The material below holds a span beginning at the line with "New launch alert! 🚨" and ending at the line with "#Bonmarche #NewLaunch #NewCollection". Quote that span exactly, both ends included, and only that span.

- **Input material**
######
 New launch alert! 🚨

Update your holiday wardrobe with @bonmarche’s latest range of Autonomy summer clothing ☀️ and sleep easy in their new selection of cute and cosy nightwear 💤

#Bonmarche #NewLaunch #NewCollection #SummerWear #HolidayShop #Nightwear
######
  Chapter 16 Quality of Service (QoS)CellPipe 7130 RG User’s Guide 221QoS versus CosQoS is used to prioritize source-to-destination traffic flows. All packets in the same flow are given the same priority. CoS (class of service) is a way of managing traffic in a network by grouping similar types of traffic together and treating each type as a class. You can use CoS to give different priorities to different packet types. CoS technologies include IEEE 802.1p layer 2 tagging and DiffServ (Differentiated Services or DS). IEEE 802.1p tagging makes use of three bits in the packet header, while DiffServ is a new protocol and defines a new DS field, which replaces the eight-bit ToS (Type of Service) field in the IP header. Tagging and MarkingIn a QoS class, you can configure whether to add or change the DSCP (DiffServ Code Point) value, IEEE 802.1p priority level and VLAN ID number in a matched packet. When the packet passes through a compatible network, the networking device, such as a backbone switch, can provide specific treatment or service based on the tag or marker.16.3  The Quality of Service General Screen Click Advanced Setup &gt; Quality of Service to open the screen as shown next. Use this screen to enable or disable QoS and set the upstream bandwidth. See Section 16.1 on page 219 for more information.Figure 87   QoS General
######
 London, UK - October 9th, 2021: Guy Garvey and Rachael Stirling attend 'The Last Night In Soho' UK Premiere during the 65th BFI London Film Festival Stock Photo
######
- **Answer for this exercise**
 New launch alert! 🚨

Update your holiday wardrobe with @bonmarche’s latest range of Autonomy summer clothing ☀️ and sleep easy in their new selection of cute and cosy nightwear 💤

#Bonmarche #NewLaunch #NewCollection #SummerWear #HolidayShop #Nightwear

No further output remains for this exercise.